Cinacalcet failure raises trial conduct issues By Sally Robertson.

Nevertheless, unanticipated baseline features and high crossover rates resulted in reduced capacity to properly test the drug’s effects, say investigators Glen Chertow and co-workers. The true insights from this research are for scientific trialists and regulators, say Vlado Perkovic and Bruce Neal in an accompanying editorial. We need to change the way we study the consequences of new medications and integrate these changes into regulatory procedures, guideline development, and clinical practice. Related StoriesArtemisinin and the fight against malaria: an interview with Dr. An interview with Professor Lesley JonesThe Evaluation of Cinacalcet Hydrochloride Therapy to lessen Cardiovascular Occasions trial showed a nonsignificant 7 percent decrease in risk for death or major CV occasions among individuals with end-stage renal disease who received cinacalcet compared with those who received placebo.In 2012, CSL Behring renewed its item donation contract with WFH, for the time 2013 through 2015. Since 2012, CSL Behring offers donated close to 7.7 million IUs of its bleeding disorders therapies to treat people who have hemophilia or von Willebrand disease in developing countries.

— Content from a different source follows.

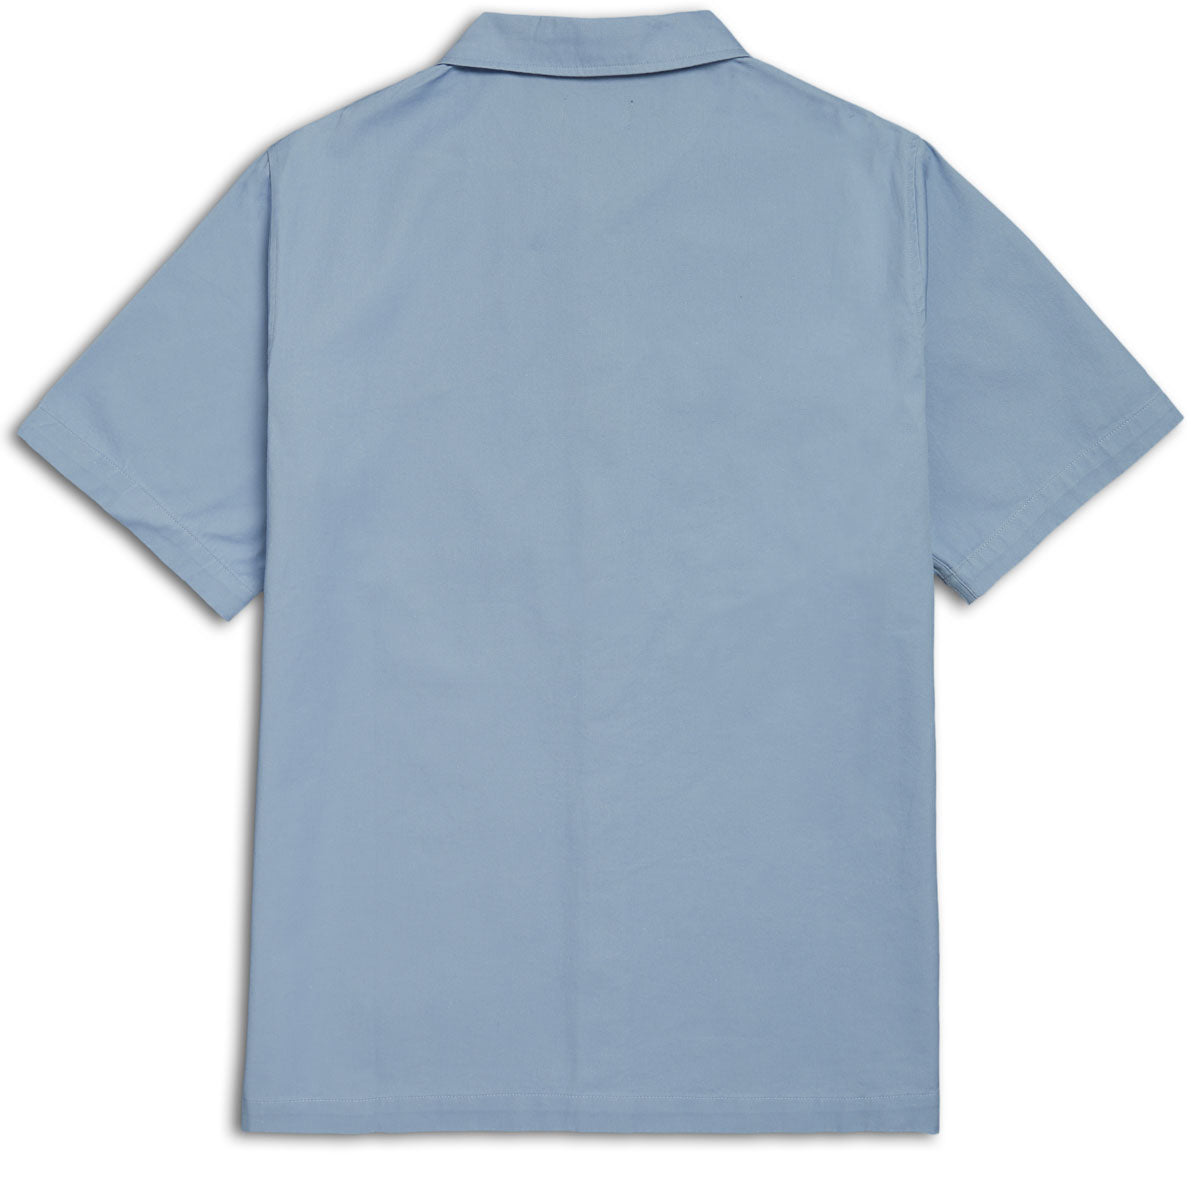 CCS Heavy Cotton Work Shirt - Light Blue image 2

China’s SFDA finds certain batches of Jiangsu Yanshen’s human make use of rabies vaccine substandard Simcere Pharmaceutical Group , a leading pharmaceutical company focusing on the development, manufacturing, and marketing of branded generic and proprietary pharmaceuticals in China, today reported that China’s State Food and Drug Administration issued a statement on its investigation into the human use rabies vaccine manufactured simply by Jiangsu Yanshen Biological Technology Stock Co., Ltd.